Vico sostiene invece la presenza già nei primitivi  – sia pur sempre tenendo conto della distinzione tra ‘popol di Dio’ e ‘gentili nazioni ‘- di ‘semi di verità’ e ‘semi eterni del giusto’, Sn 25 c. 49 p.1010, – e nel De uno  sono proprio le communes aeterni veri notiones causa della socializzazione dell’uomo( cap. 1)- e sempre sostiene  l’agire della Provvidenza nella  storia ideale e eterna.
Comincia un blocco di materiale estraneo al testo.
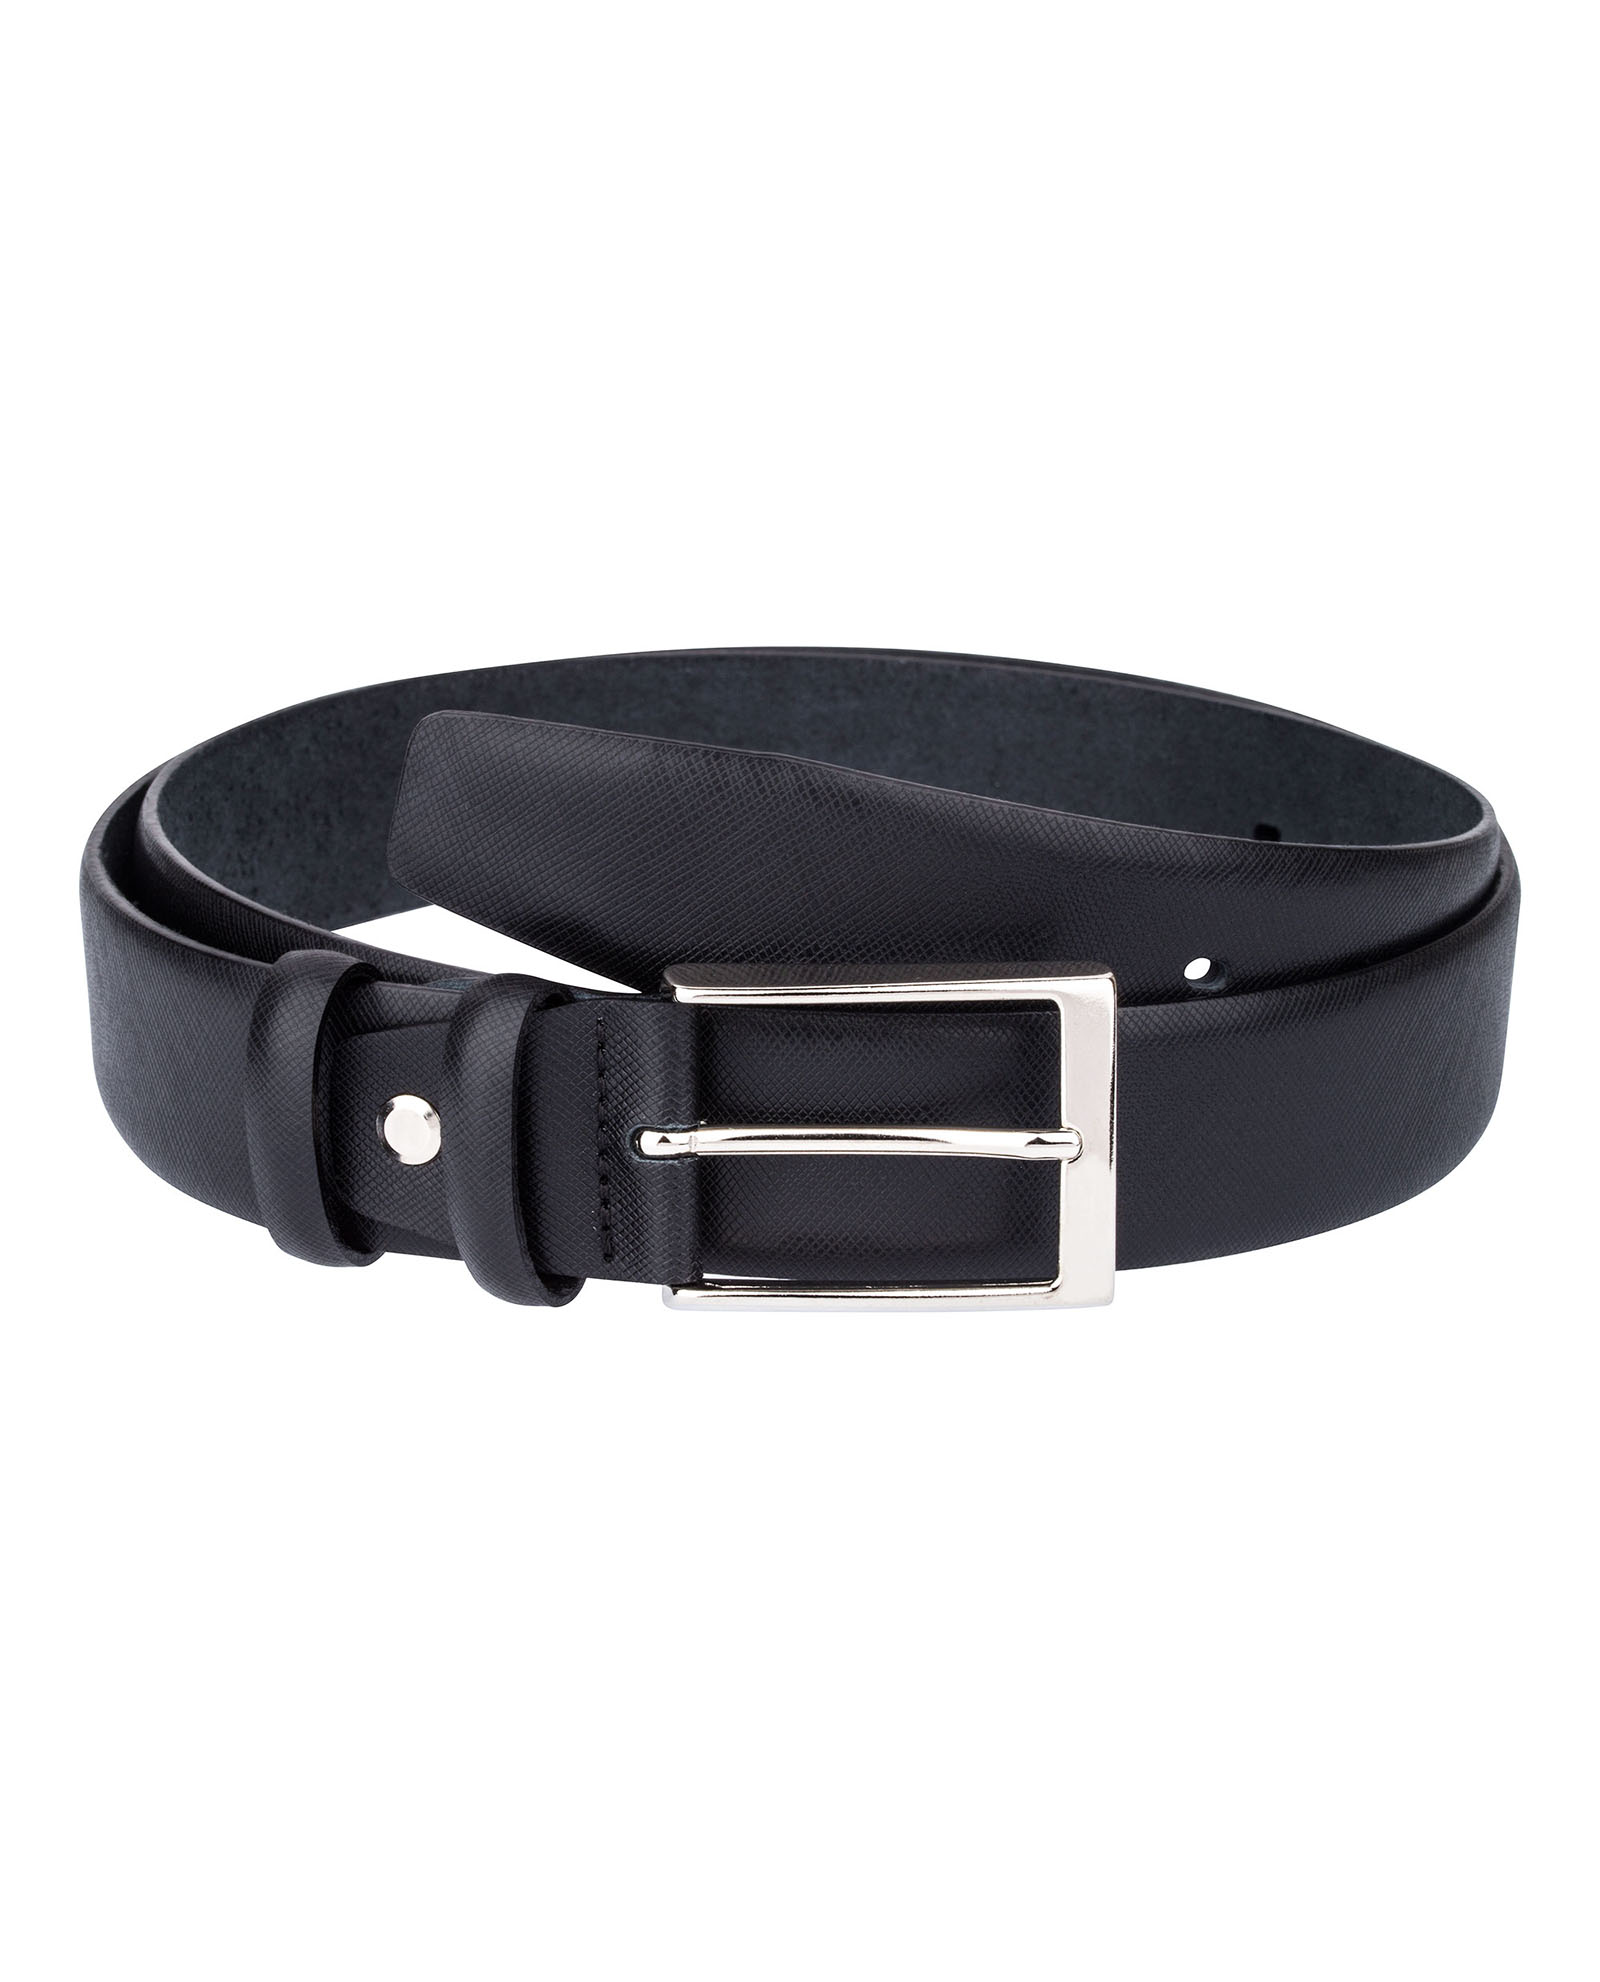 Buy Black Saffiano Leather Belt for Men | LeatherBeltsOnline.com | Free ...

Niente di più lontano dalla dottrina materialista di Lucrezio  del diritto posto per convenzione e che nega ogni provvidenza .E per quest’ultimo punto sia che–  secondo le due note  storiche e  linee critiche- si interpreti  la provvidenza vichiana come immanente, sia tanto più se intesa  ricca di un significato metafisico.

Mai comunque  Lucrezio avrebbe condiviso l’ ‘evidenza’ della Degnità del Vico così espressa. ‘l’uomo…da Dio è aiutato naturalmente con la divina provvidenza, e soprannaturalmente dalla divina grazia’, Sn. 44,c.136 p.497.

Il fatto è che  Vico assorbe la visione lucreziana dentro  la fede cristiana .Il suo tentativo di fusione tra l’antropologia di Lucrezio e la dottrina cristiana del dio presente nella storia, si allinea al più celebre tentativo portato avanti da Gassendi, per quanto concerne l’interpretazione atomica del cosmo  dentro i confini della Rivelazione biblica[29]. Ma  Vico non è il solo e non il primo a coniugare insieme età ferina dell’uomo e provvidenzalità che agisce nella sua storia. Vico ha come suggeritore – e questo mi sembra che non sia mai giustamente stato  rilevato –  Cicerone stesso che nel momento in cui accettava la scientificità dell’evoluzionismo  lo riportava dentro la fede in una predisposizione innata nell’uomo  -diciamo- alla sua umanizzazione . Una posizione quella del Vico confrontata con quella di Hegel  quando sancisce in maniera illuminante “umanità animalesca è tutt’altra cosa che animalità”[30]. Cicerone ritornava sulla questione sia nel più antico de inventione, per cui non si può presupporre alcuna influenza della lettura di Lucrezio, sia nella pro Sestio,91, sia nel de oratore 1,33 -di cui forse solo quest’ultima più prossima-per quanto è dato sapere sulla data di morte del poeta -, al momento in cui Cicerone preparava l’editing del poema. Riporto il più articolato testo del de inventione , sia per mettere in evidenza una possibile lettura da parte di Vico , come da parte di altri moderni,  per i quali è stata messa in rilievo la sola presenza lucreziana [31],e su cui verremo di seguito: nam fuit quoddam tempus cum in agris homines passim bestiarium modo vagabantur et sibi victo fero vitam propagabant, nec ratione animi quicquam, sed pleraque viribus corporis administrabant; nondum divinae religionis, non h umani offici ratio colebatur, nemo nuptias viderat legitimas, non certos quisquam aspexerat liberos, non ius aequabile, quod utilitatis haberet, acceperat….Quo tempore quidam magnus videlicet vir et sapiens cognovit quae materia esset et quanta ad maximas res opportunitas in animis inesset hominum, si quis eam posset elicere et praecipiendo meliorem reddere; qui dispersos homines in agros et in tectis silvestribus abditos ratione quidam compulit in unum locum et congregavit et eos…deinde propter rationem atque orationem studiosius audientes ex feris et immanibus mites reddidit et mansuetos,1,2.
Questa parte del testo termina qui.